What Modal Does
Modal is a serverless GPU and CPU platform designed so that Python developers can push compute-heavy workloads — model inference, training, batch pipelines, scheduled jobs, web endpoints — to the cloud without writing Dockerfiles, Kubernetes manifests, or YAML. The entire deployment surface is Python decorators: annotate a function with @app.function(gpu='H100'), import it locally, and Modal packages the code, builds the container, provisions a GPU, runs the function, and tears it down when idle. The result is a developer experience where 'local script' and 'cloud endpoint' are the same file.
Cold Starts, GPU Catalog, and Runtime
Cold starts are Modal's signature technical claim. The platform uses a custom container runtime that snapshots prepared images and mounts them directly, reaching sub-four-second cold starts for typical workloads and sub-one-second warm starts for frequently used functions. For inference APIs this is the difference between a sluggish first request and a responsive one, and it erases most of the usual argument for reserved GPU capacity on interactive endpoints.
The GPU menu is broad and current: NVIDIA B200, H200, H100, A100 40/80GB, L40S, A10, L4, and T4 are all available on demand, with multi-GPU configurations for larger models. CPU-only functions are first-class too, which matters for data-prep steps that do not need a GPU. Concurrency, timeouts, keep-warm pools, volumes, secrets, and scheduled cron jobs are all controlled from the same Python decorators, so teams ship end-to-end pipelines without learning a separate orchestration language.
Pricing and the Multiplier Question
Modal's pricing is per-second with no minimum commitment and a $30/month free-compute allowance on every account. Base GPU rates are competitive — H100 at roughly $3.95/hour, A100 80GB around $2.10/hour — and CPU compute is priced aggressively. The platform charges only while a function is executing, not while containers are idle or cold-starting, which for bursty workloads lands cheaper than always-on GPU reservations.
The complication is the regional multiplier system. Non-preemptible US workloads run at a 3.75x multiplier on top of base rates, meaning the advertised H100 price is not what most production deployments actually pay. Preemptible and EU regions are cheaper, and the multipliers are documented, but teams used to RunPod's flat pricing sometimes get surprised by the first invoice. For cost-sensitive batch training or long-running jobs, benchmarking Modal against RunPod, Paperspace, and Lambda Labs on your real workload is worth the afternoon.

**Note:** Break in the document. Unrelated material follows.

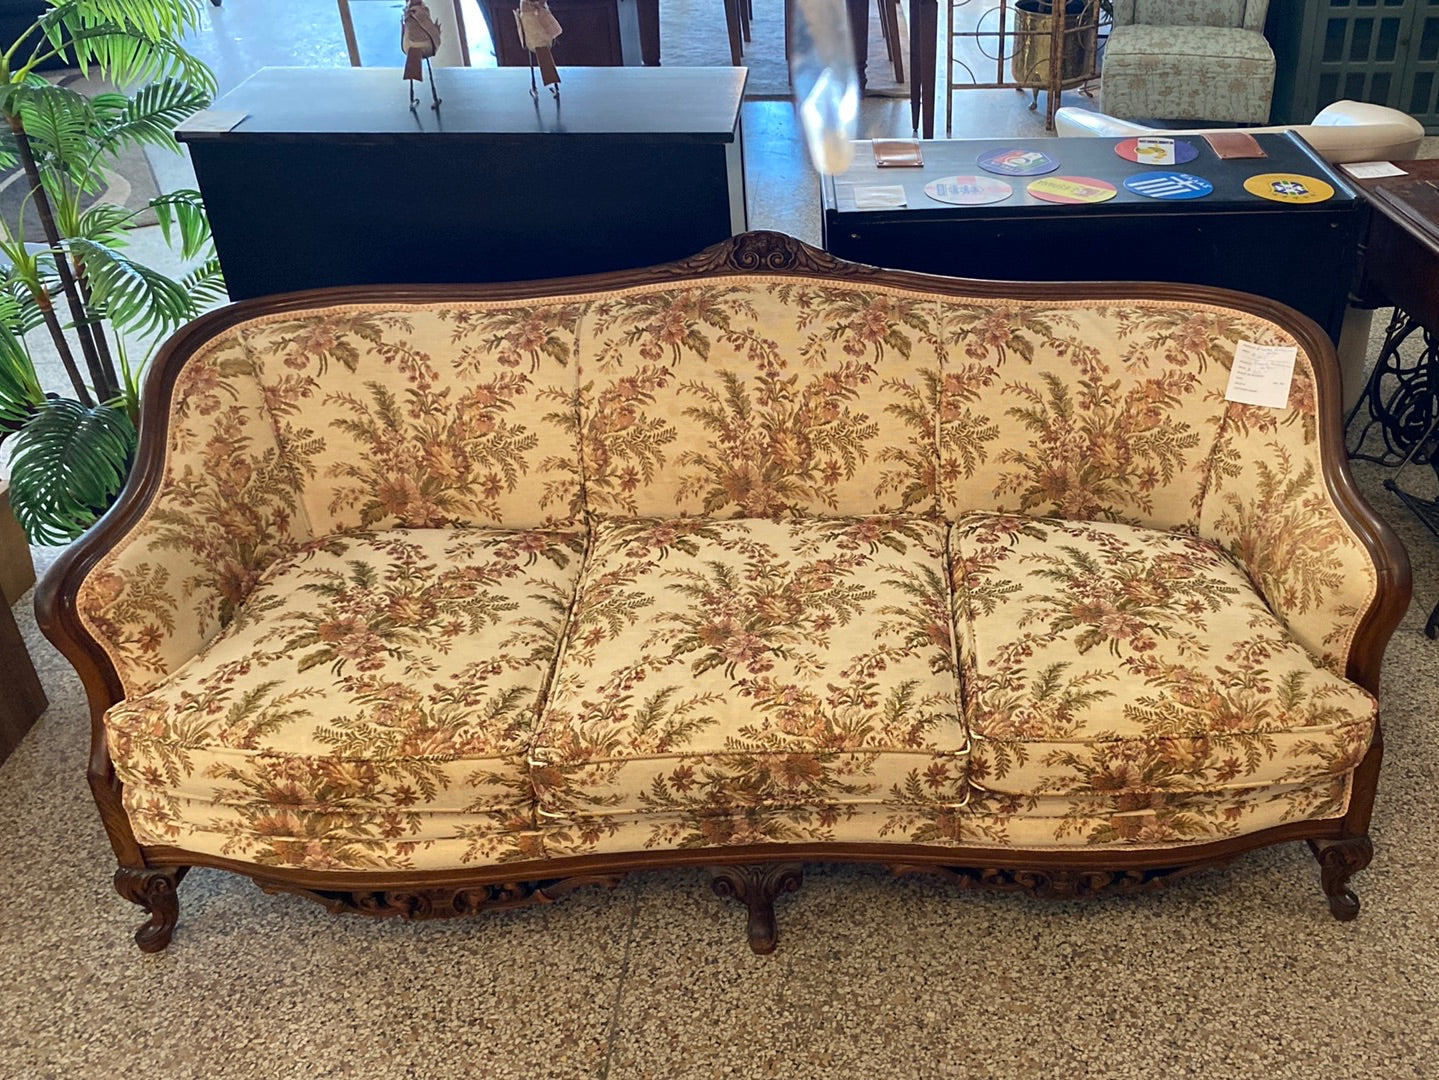 Floral antique Sofa

Developer Experience and Integrations
The developer experience is Modal's strongest asset and the reason it dominates AI infra in indie and startup circles. modal run executes a function locally-then-remote, modal deploy ships it as a persistent endpoint, modal shell drops into a live container for debugging, and the web dashboard shows logs, GPU usage, and billing in one place. Images, mounts, volumes, and NFS-style shared storage all compose cleanly in Python.